“In those days it was much easier to get into Paris than, once there, to get out again. The bundle which he carried was carelessly glanced at by the official at the barriers, who asked him mockingly if he had come to make his fortune in Paris, taking him for a country lad attracted, like hundreds of others, by the accounts of the lawlessness and licence of the ‘rule of the mob,’ and Pierre laughed back a mocking reply. He did not yet, not till he had made his way through what seemed to him innumerable streets, dare to ask for the Rue de Lille, so fearful was he of attracting attention by seeming to have any errand about which he might be questioned. But at last, feeling hungry and tired, he ventured into a milk shop, where a meek, rather frightened-looking woman, with a little child in her arms, was standing behind the counter.

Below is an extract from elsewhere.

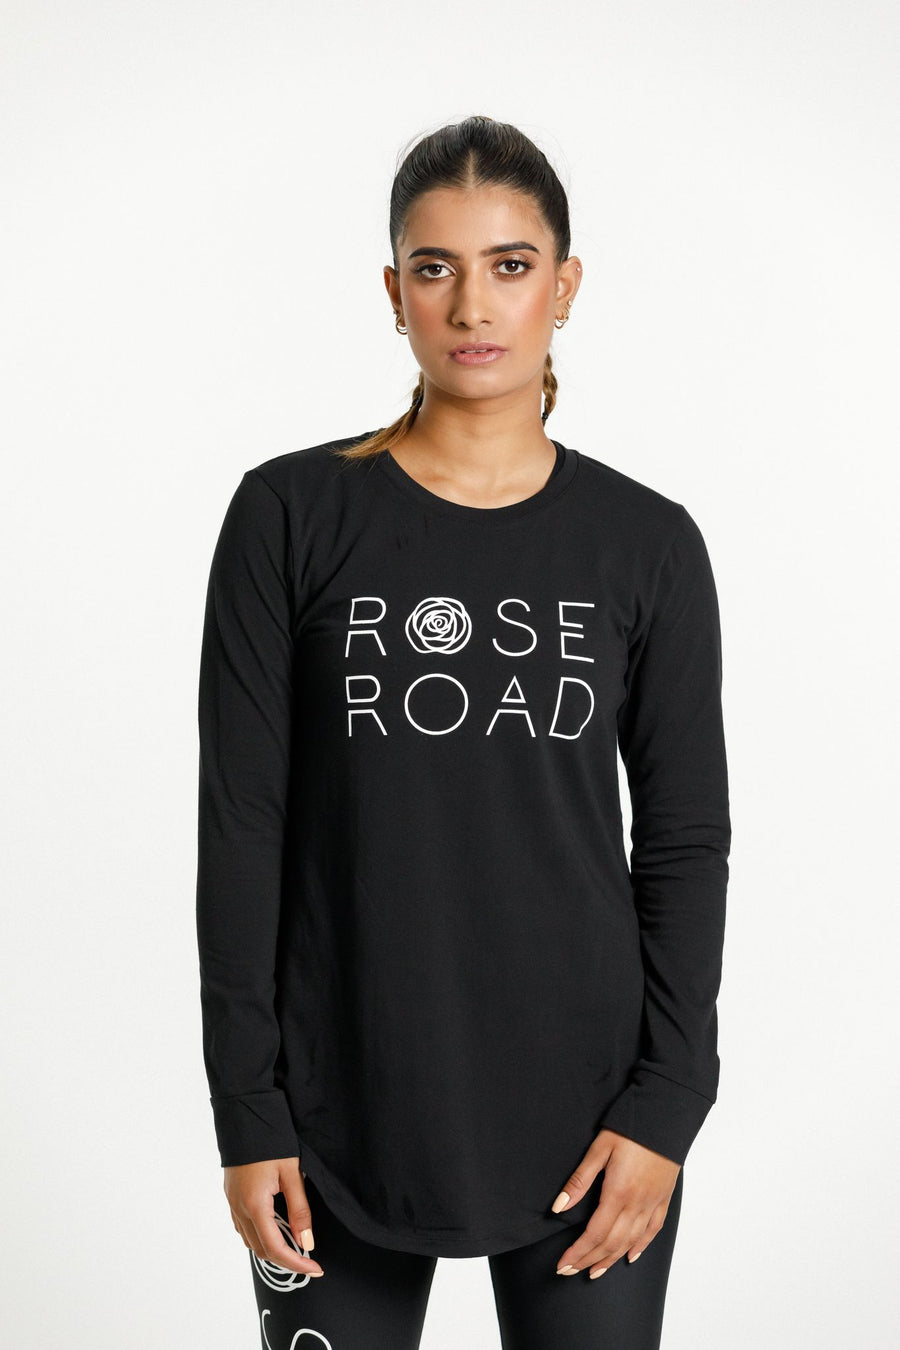 ROSE ROAD HARPER LS TEE - BLACK WITH LOGO - WILD ROSE

”‘Madame,’ he was beginning, but the woman quickly interrupted him: ‘Citizeness, you mean, boy,’ she said. ‘Whence do you come to use a word we never hear now?’ and on his hastily begging her pardon, ‘it is not for me; it matters nothing to me. It is for yourself, citizen,’ she added. ‘You must watch your words, and indeed by your looks it were better for you to go back whence you came.’

“Pierre felt startled. ‘By my looks, citizeness,’ he said. ‘I look what I am—a country lad come to see Paris for the first time.’

”‘Better never have seen it, then,’ said the woman, earnestly. ‘Go back to your home, if you have one, my boy, for you look honest and innocent,’ but she spoke in a low voice, and glanced round her as if afraid of being overheard.

“There was something in her face, in her very timidity, which inspired Pierre with confidence.

”‘I cannot go back,’ he said, speaking also in a low voice. ‘I have come for a purpose, but I am a complete stranger. Perhaps you can help me. Will you tell me the way to the Rue de Lille?’

“The woman looked at him with regret.

”‘It is not far from here,’ she said; ‘but it is a long street. What house do you want there?’

”‘The house—the hotel of the Marquis de Sarinet,’ he replied, but low as he spoke the woman held up her hand with a warning gesture.

”‘Hush, hush!’ she said, ‘we know no such names. The citizen Sarinet,’ she continued, reflectively; ‘no, I do not remember ever to have heard of such an one. But there are few houses now inhabited by their former owners in the Rue de Lille. You must ask there, but take care how you ask.’